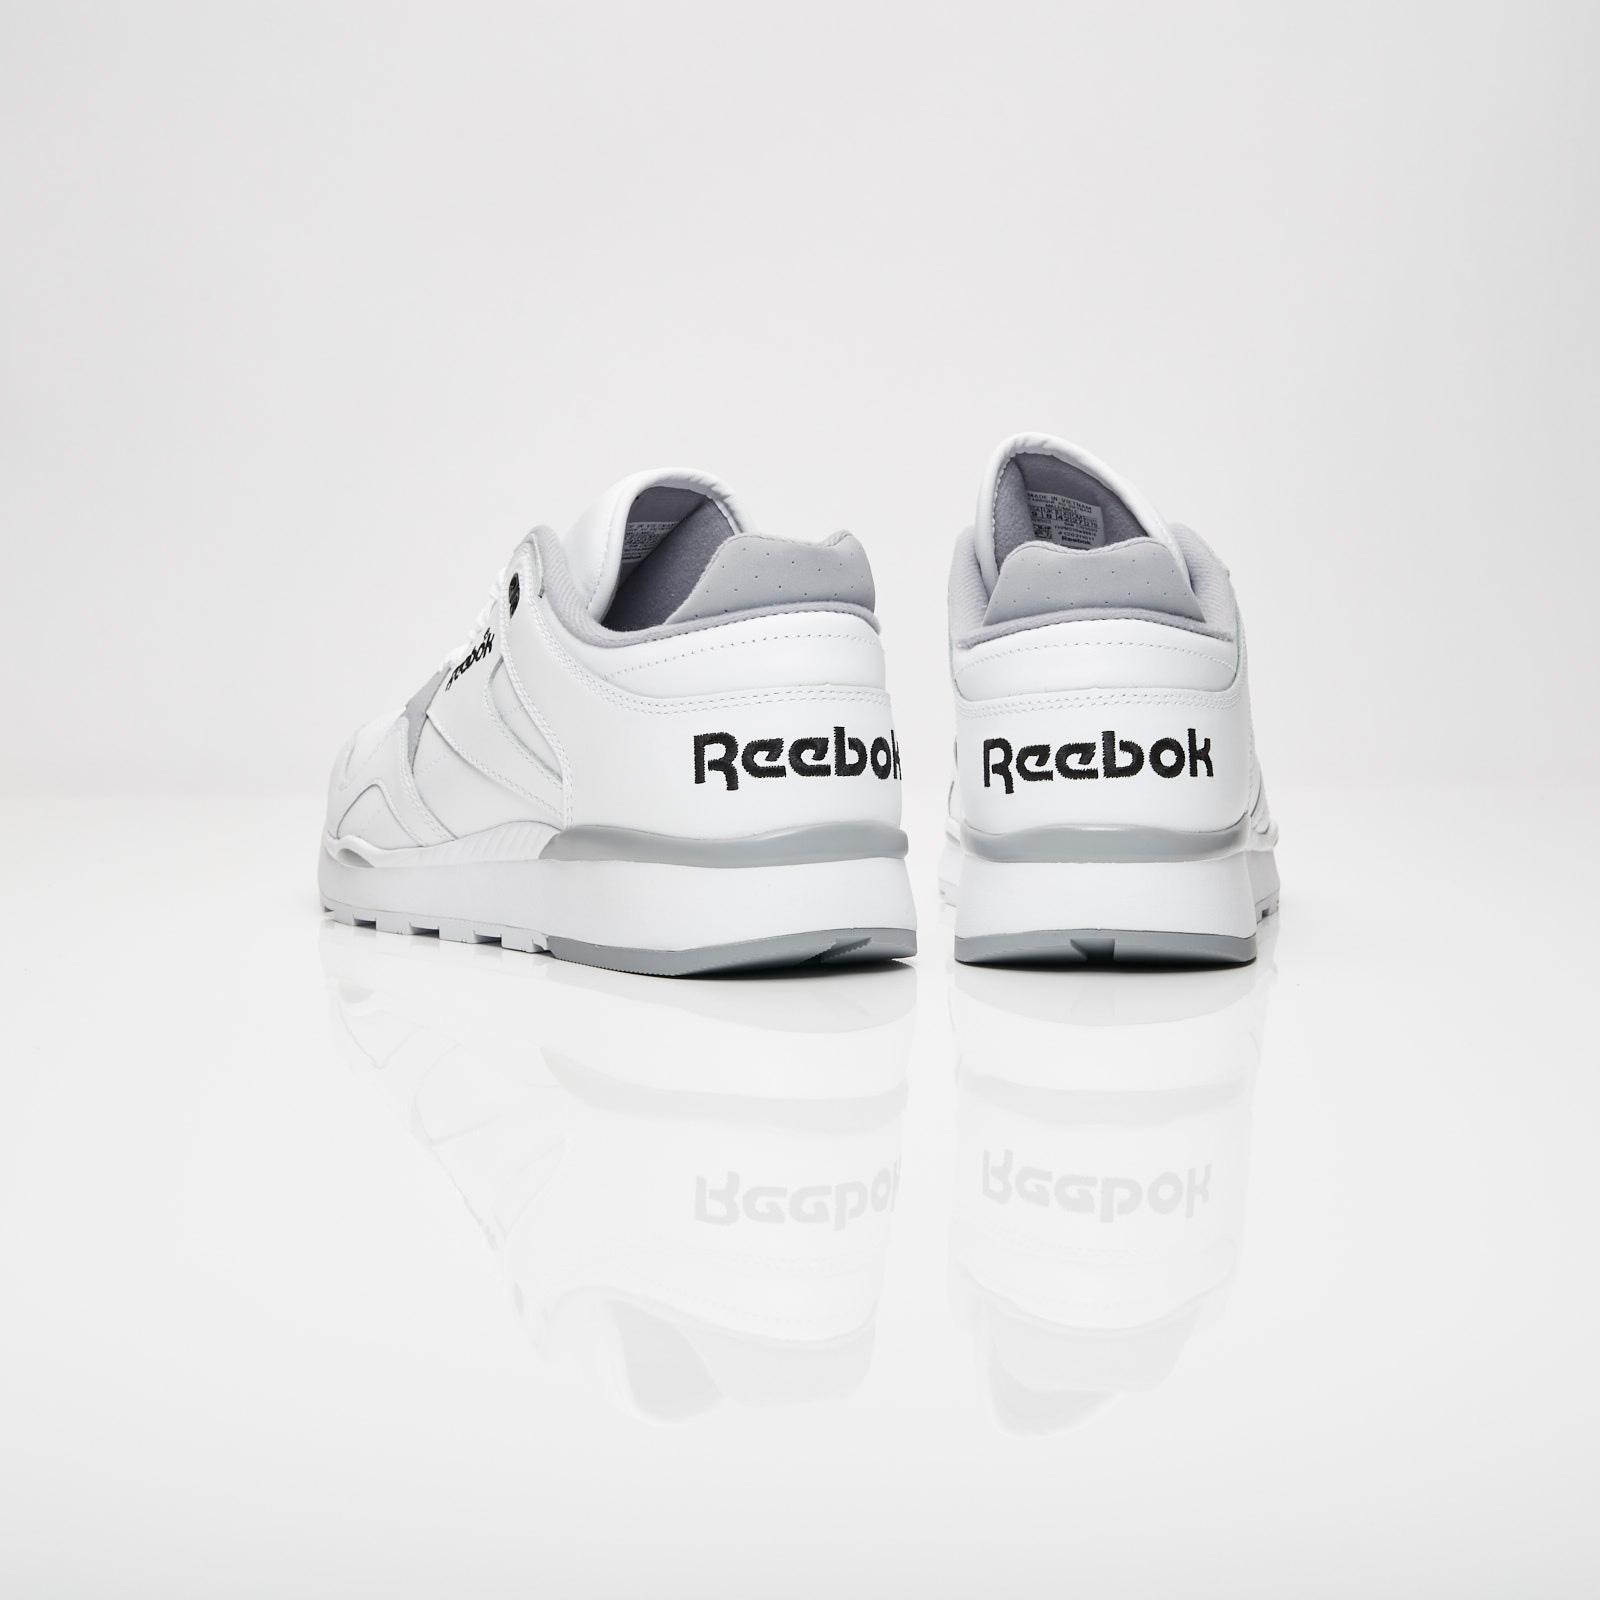 02cb6ce0552 Reebok Cl Leather II - Cn3899 - Sneakersnstuff
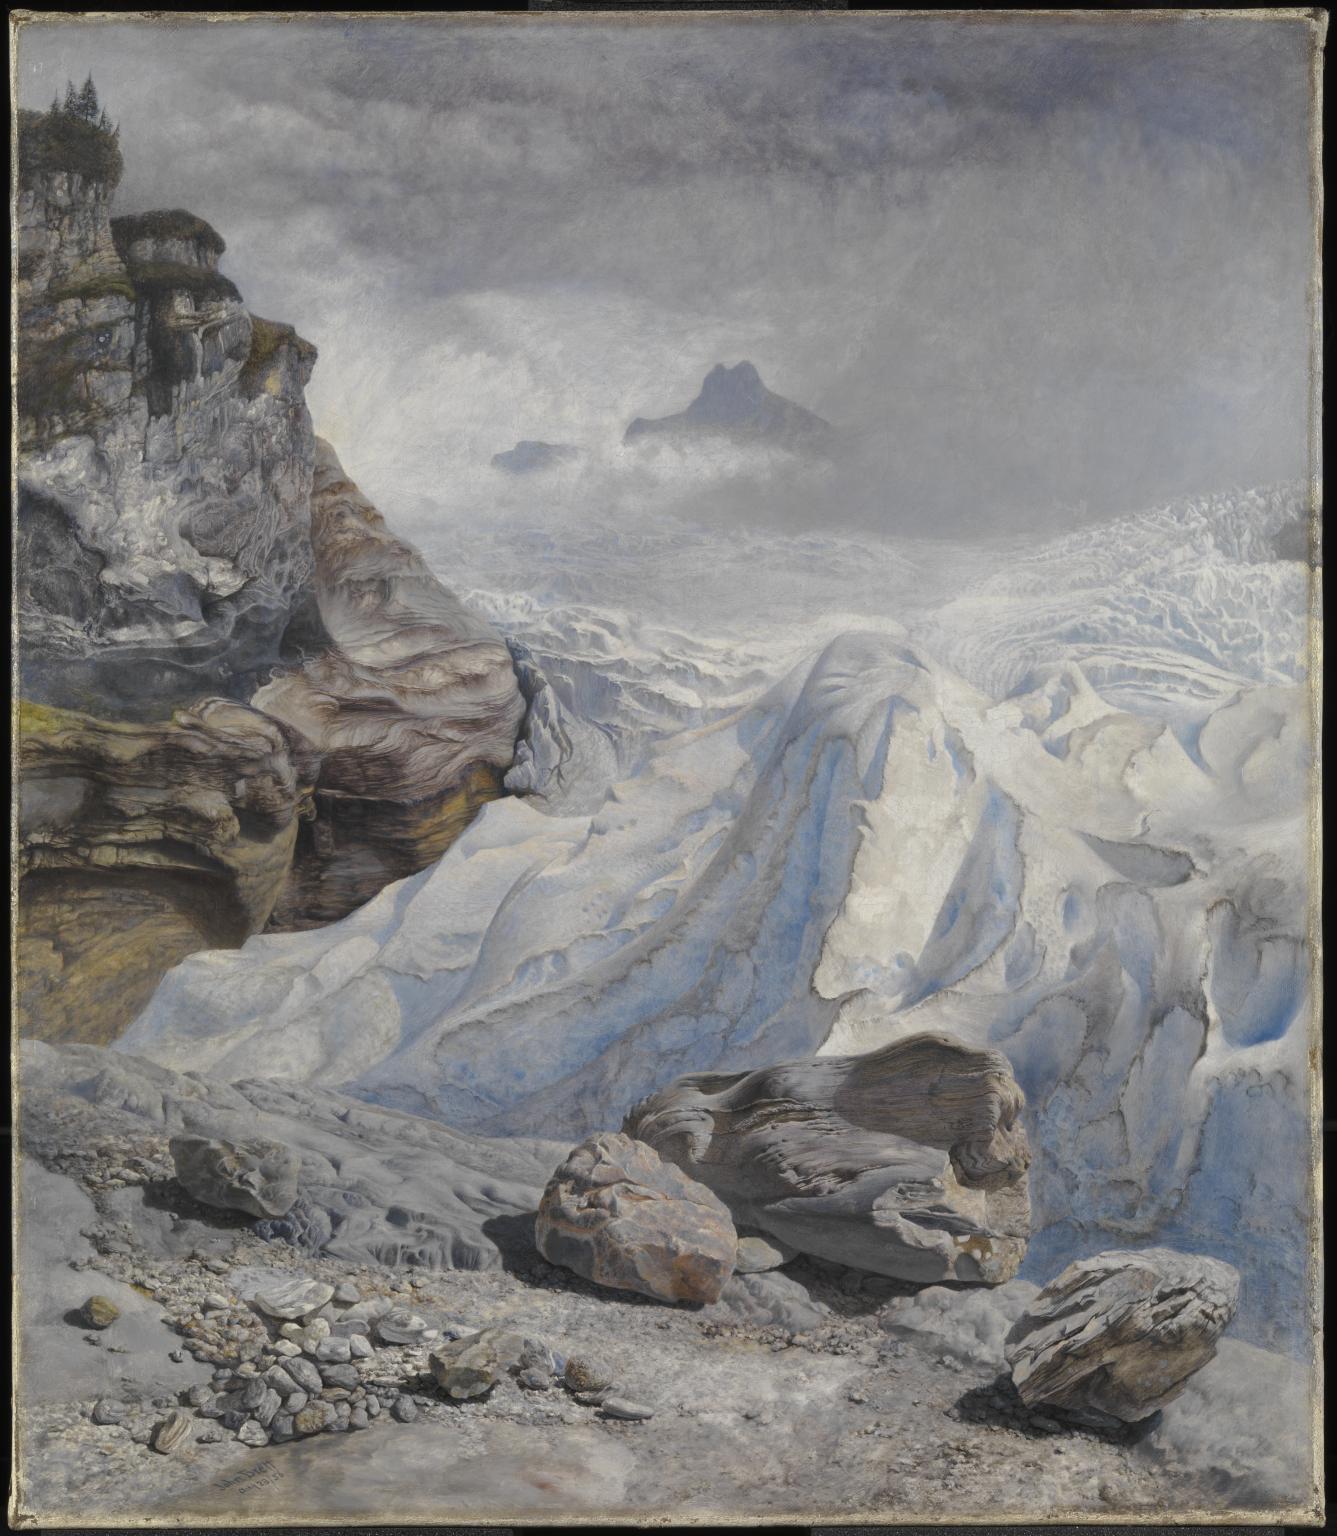 John Brett, Il ghiacciaio di Rosenlaui (1856; olio su tela, 44,5 x 41,9 cm; Londra, Tate Britain)
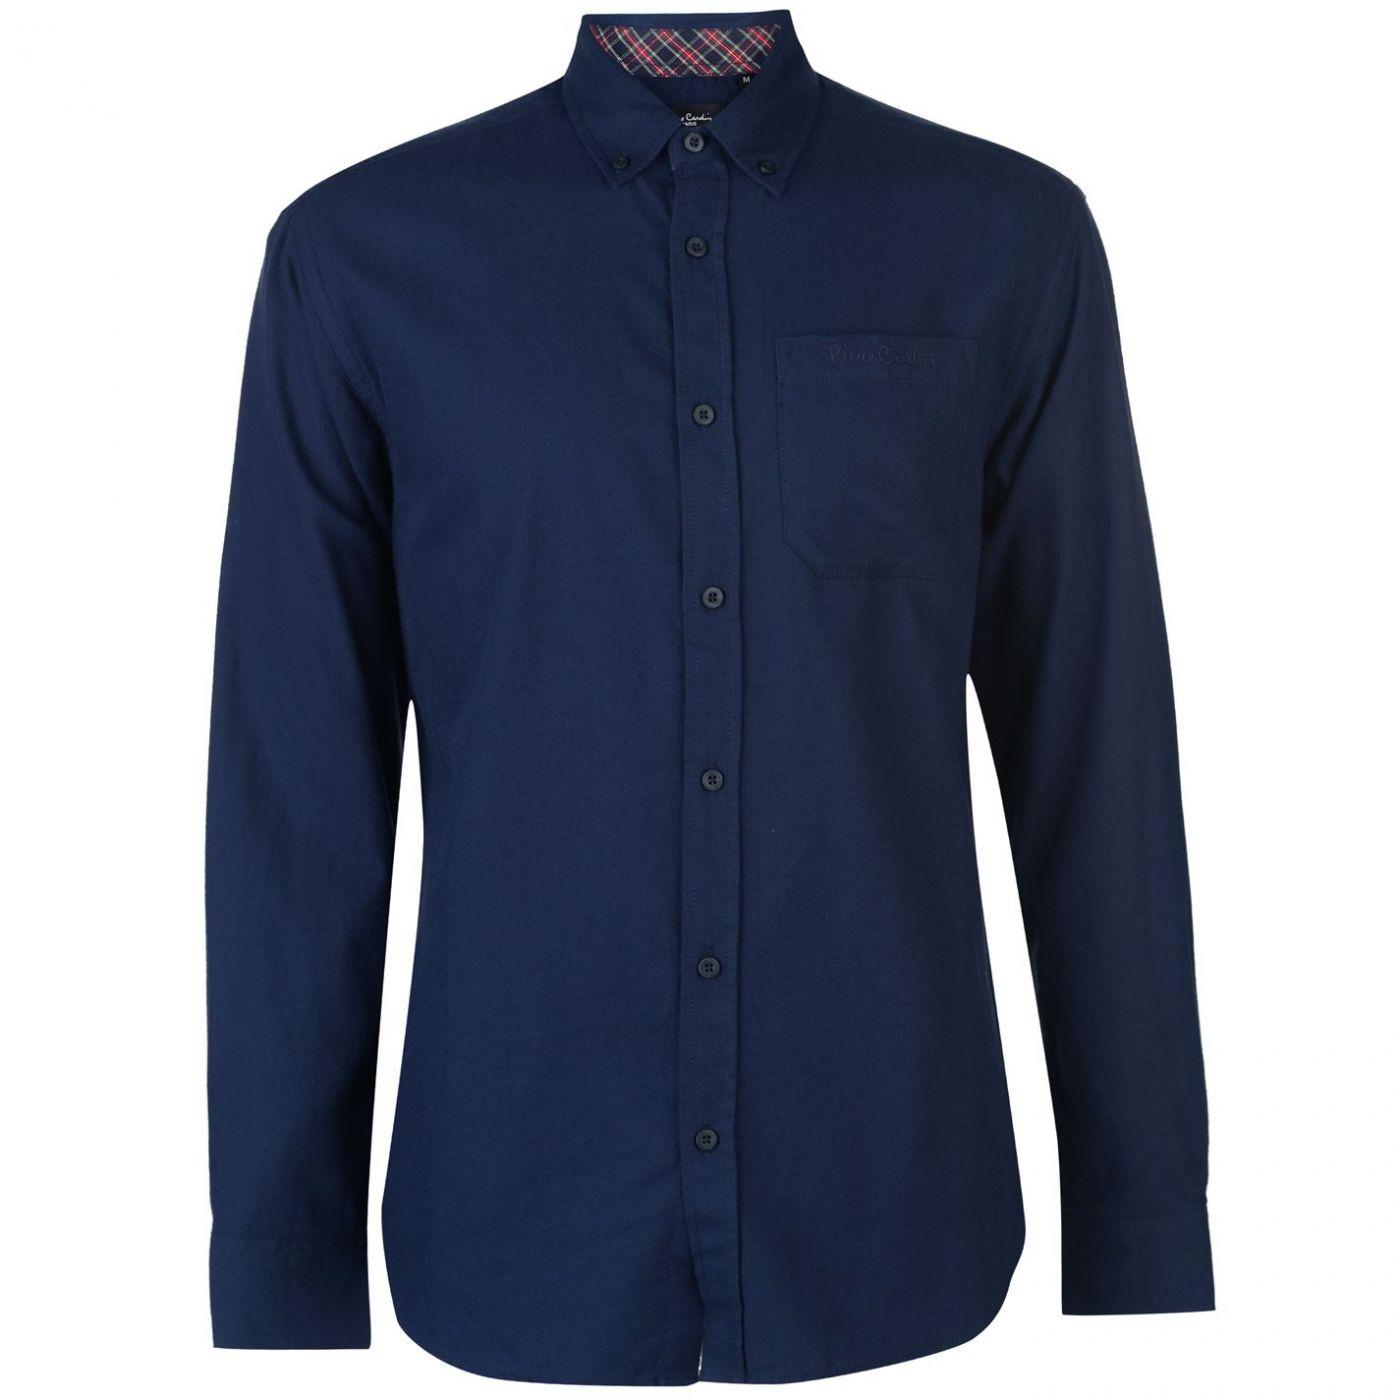 Pierre Cardin C Plain Twill Long Sleeve Shirt Mens

·····

» What is needed: If a picture appears in the data, omit it; transcribe all the rest exactly.

» Task result:
 02cb6ce0552 Reebok Cl Leather II - Cn3899 - Sneakersnstuff
 John Brett, Il ghiacciaio di Rosenlaui (1856; olio su tela, 44,5 x 41,9 cm; Londra, Tate Britain)
 Pierre Cardin C Plain Twill Long Sleeve Shirt Mens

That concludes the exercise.